NBW

Redactie P.C. Molhuysen en PJ. Blok (1914)

Gepubliceerd op 11-05-2022

Hofkamp, teunis

betekenis & definitie

HOFKAMP (Teunis), geb. 8 Febr. 1805 te Schildwolde en overl. 20 Mrt. 1887 te Groningen. In 't bezit van den 4den rang gekomen, werd hij in 1819 tot onderwijzer

aan het Instituut voor doofstommen benoemd, waaraan hij bijna 50 jaren werkzaam is gebleven. Steeds vlijtig doorstudeerend, behaalde hij met lof de vereischte onderwijzersexamens en verwierf in 1843 als hoogste onderscheiding zelfs den eersten rang. Twee jaar vroeger was hij belast met het geven van lessen in de natuurkunde aan de landhuishoudkundige school te Groningen, waarvoor hij zich o.a. bekwaamd had, na daartoe bekomen verlof, op de colleges voor dat vak van prof. Ermerins.

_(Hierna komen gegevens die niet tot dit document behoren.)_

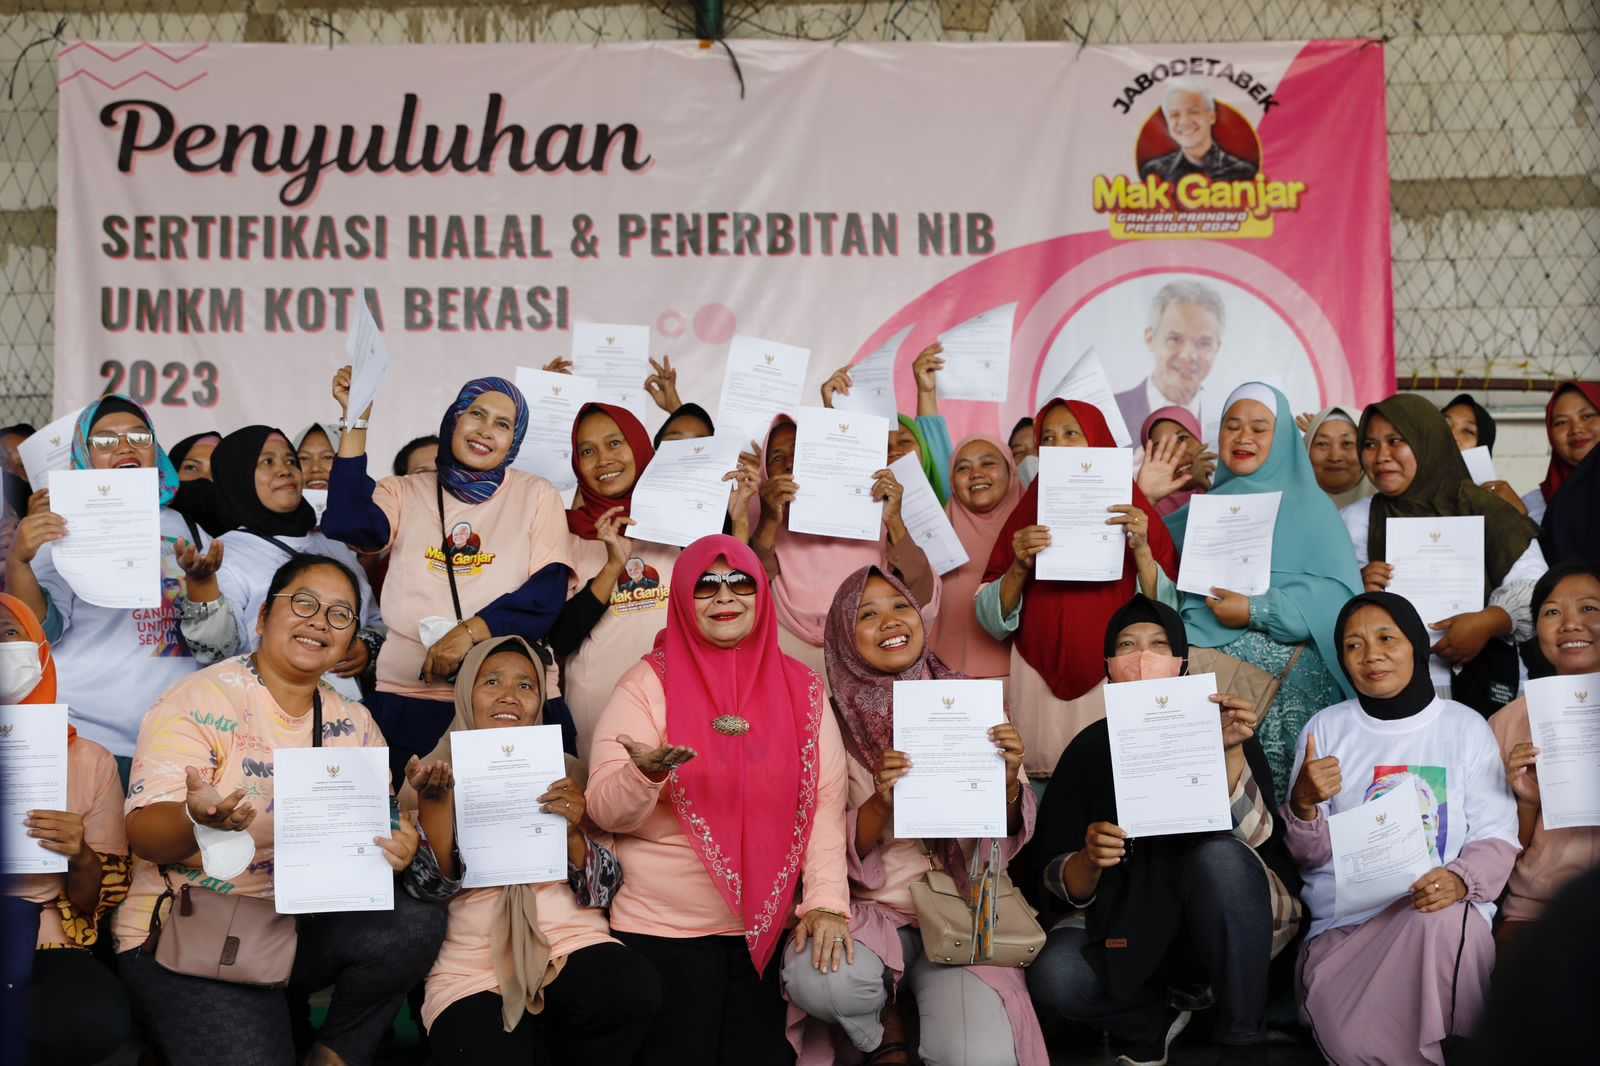 Mak Ganjar Jabodetabek Gelar Penyuluhan Sertifikasi Halal dan Penerbitan NIB untuk Pelaku UMKM di Bekasi 3
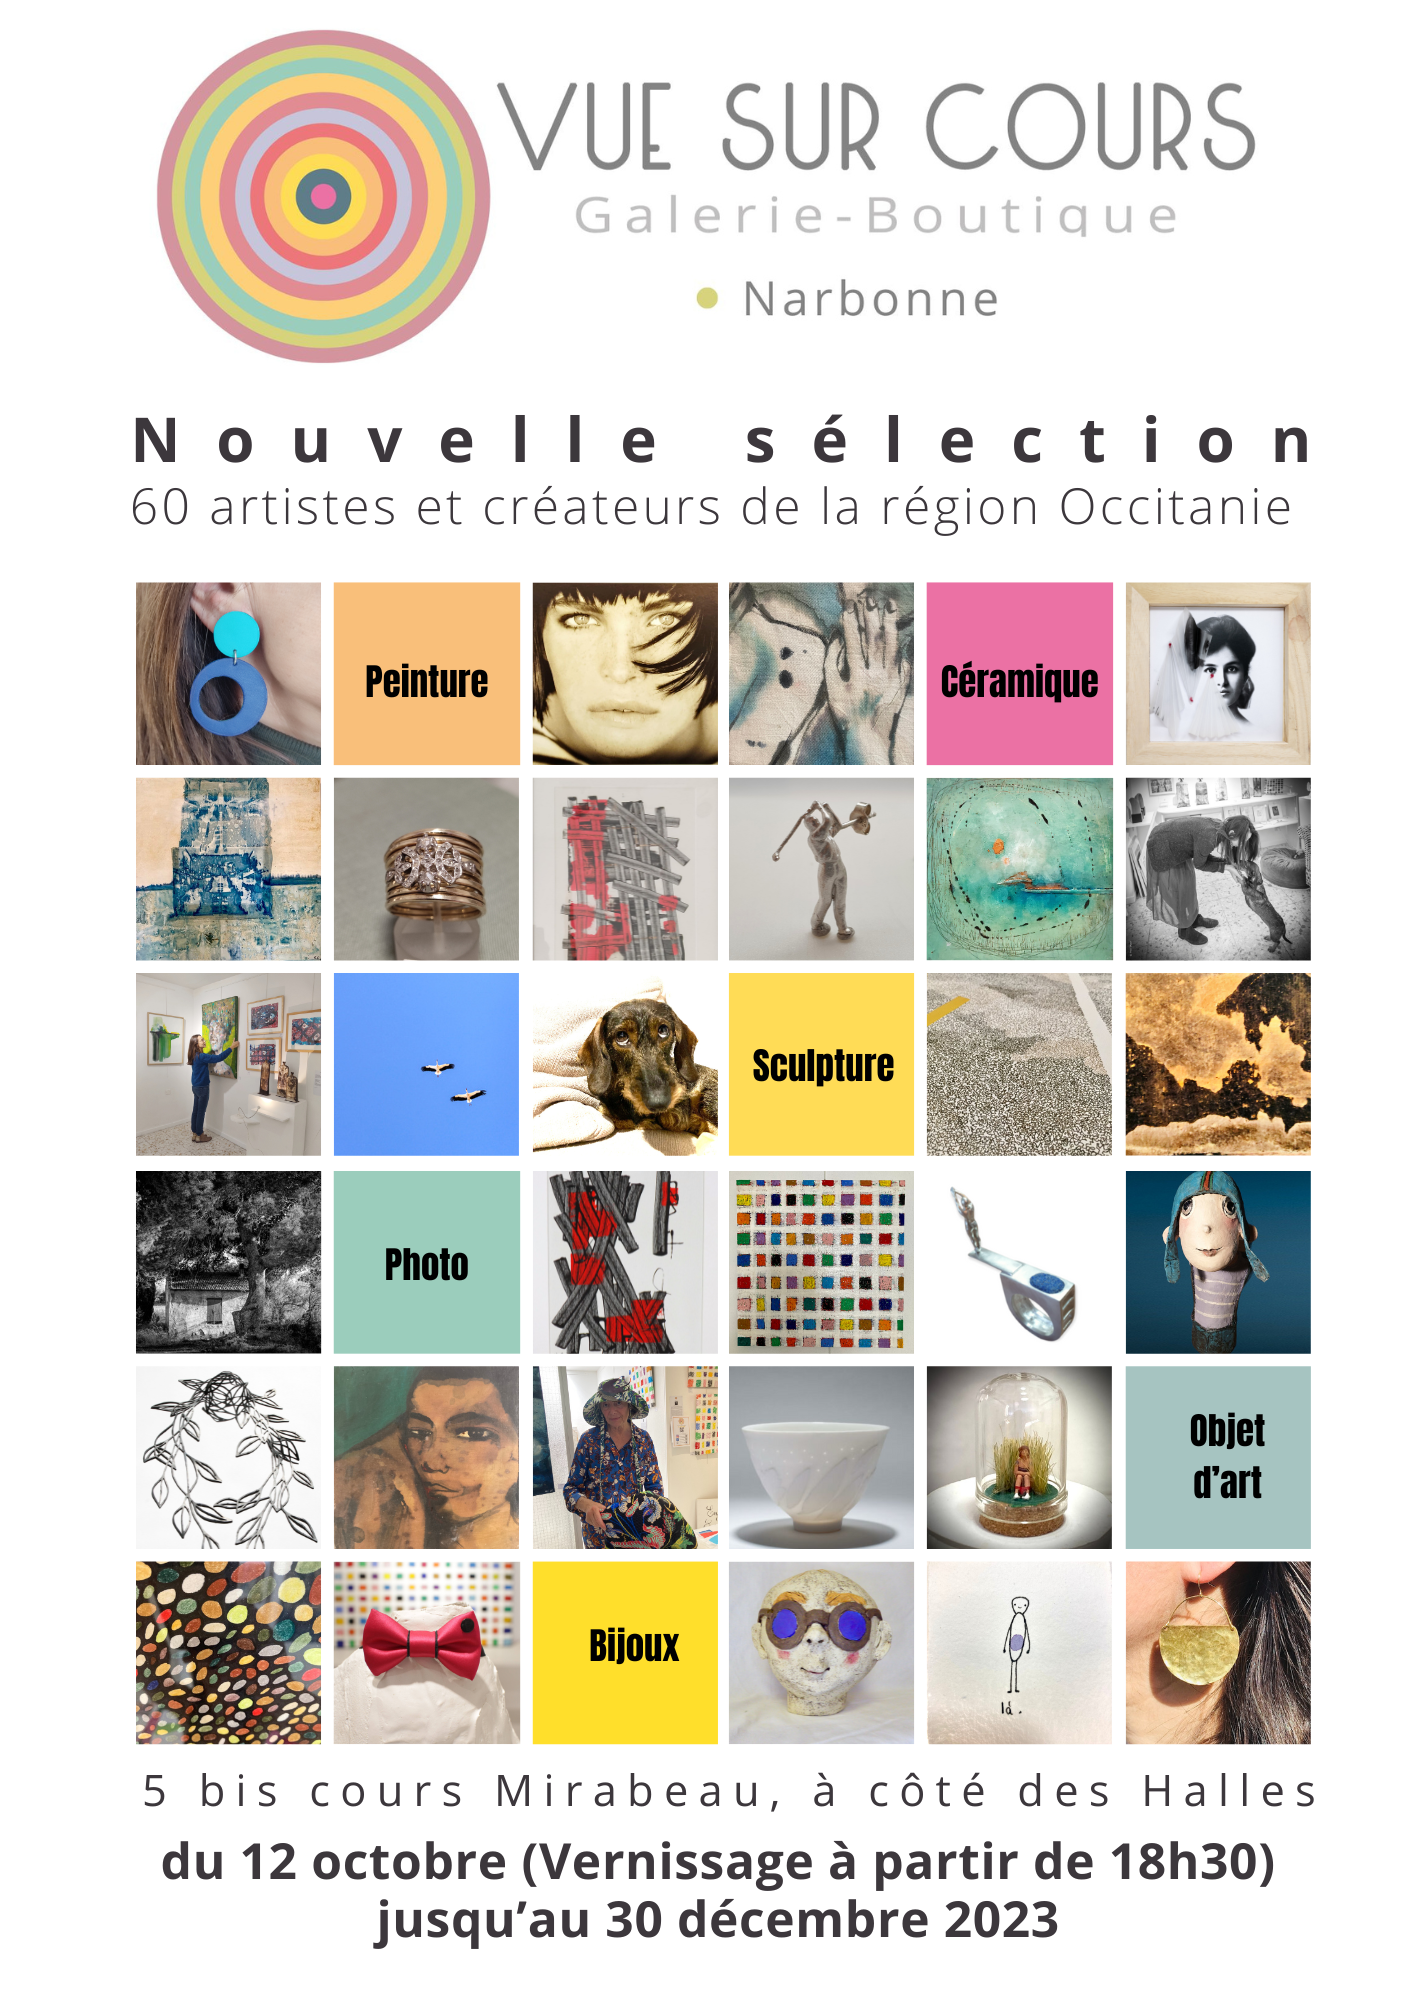 La galerie Vue sur Cours propose un évènement qui est un vernissage sur Narbonne

In 1861, bij de oprichting der Rijkskweekschool voor onderwijzers te Groningen (directeur B. Brugsma), werd Hofkamp daaraan

tot onderwijzer in de kennis der natuur benoemd, terwijl hij in 1868 door den Raad der gemeente Groningen werd aangesteld tot directeur en leeraar aan de Burgerdagen avondschool voor voortgezet onderwijs, uit welke betrekking hij 10 jaar later eervol ontslag ontving met toekenning van pensioen. Ook aan het tot stand komen der practische ambachtschool verleende Hofkamp zijn krachtigen steun. Geruimen tijd was de bekwame man voorzitter van het 2de en 3de groningsche onderwijzersgezelschap, later voorzitter van het gewestelijk bestuur van het Ned. Onderw. Genootsch. en lid van 't hoofdbestuur van dat genootschap te Amsterdam. Van Hofkamp's geschriften noemen wij zijn Leesboek voor kinderen over de natuur (9de dr. 1869).

Voorts leverde hij verscheiden bijdragen in de toenmalige bladen voor onderwijs en opvoeding, o.a. in het tijdschr. Pestalozzi, dat hij met Brugsma, Gleuns,D. de Groot, R.R. Rijkens en L. Leopold redigeerde.